Scales are used to map data onto the plot. When generating a new plot, certain default scales are used behind the scenes. For example:

ggplot(nnmaps, aes(x = date, y = o3, color = season)) +
  geom_point()

ggplot(nnmaps, aes(x = date, y = o3, color = season)) +
  geom_point() +
  scale_x_continuous() +
  scale_y_continuous() +
  scale_color_discrete()

Scales can change many aspects of the mapping from the data to the visualization. For example, to plot the o3 value on the log scale:

ggplot(nnmaps, aes(x = date, y = o3, color = season)) +
  geom_point() +
  scale_y_continuous(trans = "log")

They can also be used just to manipulate labels and such.
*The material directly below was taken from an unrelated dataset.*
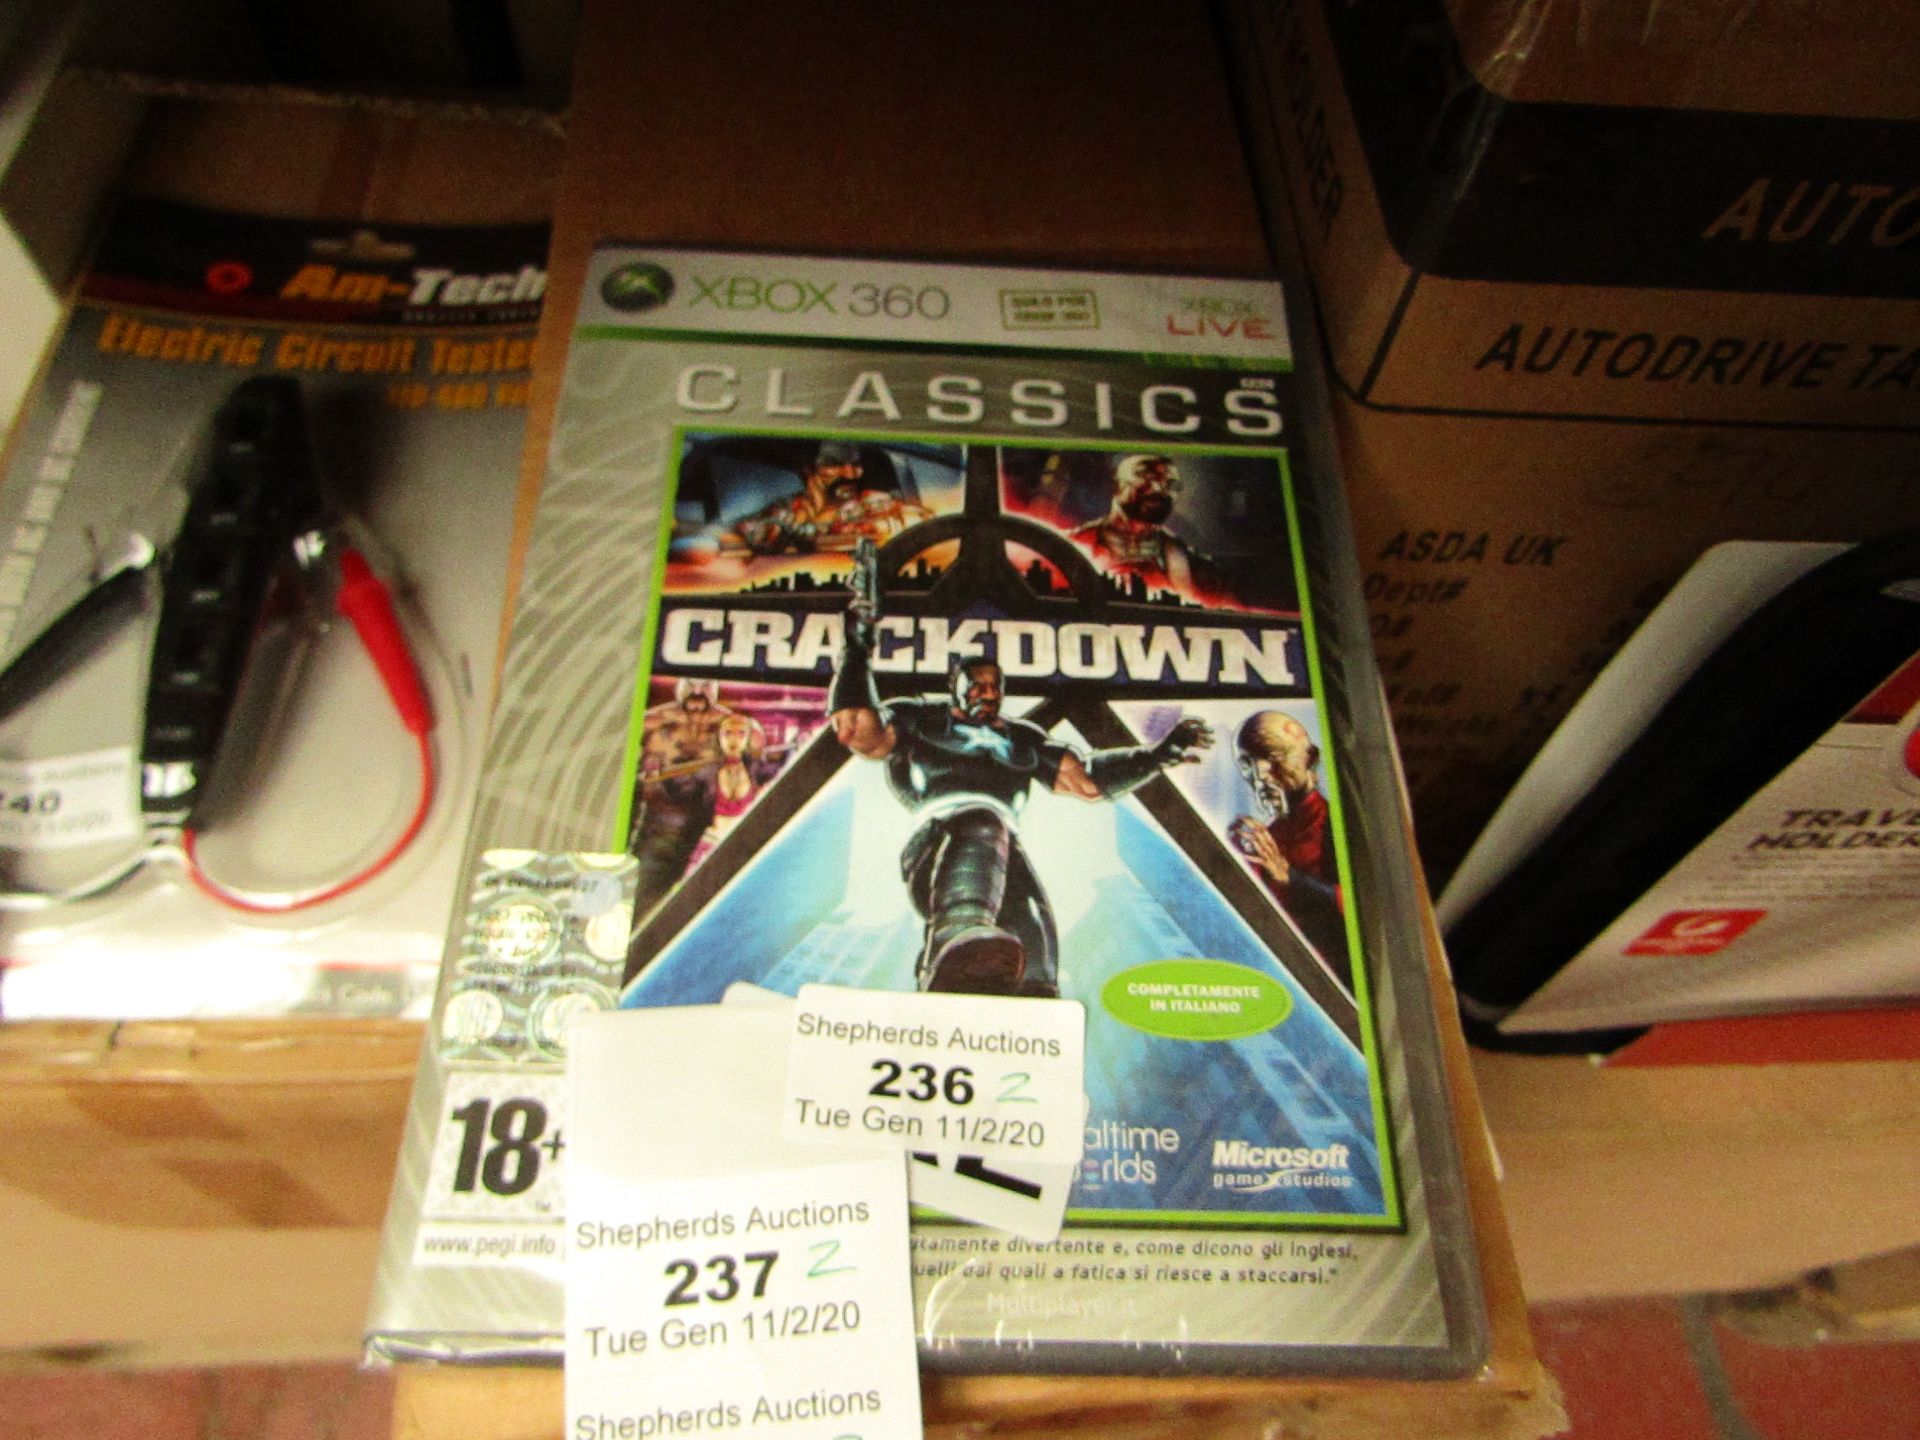 2 x XBOX 360 Crackdown Classics. New in a sealed case

ggplot(nnmaps, aes(x = date, y = o3, color = season)) +
  geom_point() +
  scale_y_continuous(name = "Oxygen levels") +
  scale_color_discrete(name = "Seasons")

We can also use scales to completely change how a variable is treated.

ggplot(nnmaps, aes(x = date, y = o3, color = season)) +
  geom_point() +
  scale_y_binned()

Finally, we can use scales to change colors

ggplot(nnmaps, aes(x = date, y = o3, color = season)) +
  geom_point() +
  scale_color_manual(values = c("red", "pink", "orange", "brown"))

Theme

There are default themes, and you can customize themes.

g <- ggplot(nnmaps, aes(x = date, y = o3, color = season)) +
  geom_point()
g

g + theme_bw()

Themes refer to only the ploptting area and around; you’d need to modify the color scales to go fully black and white for example.

g +
  theme_bw() +
  scale_colour_grey()

Perhaps even better would be to change the plotting characters.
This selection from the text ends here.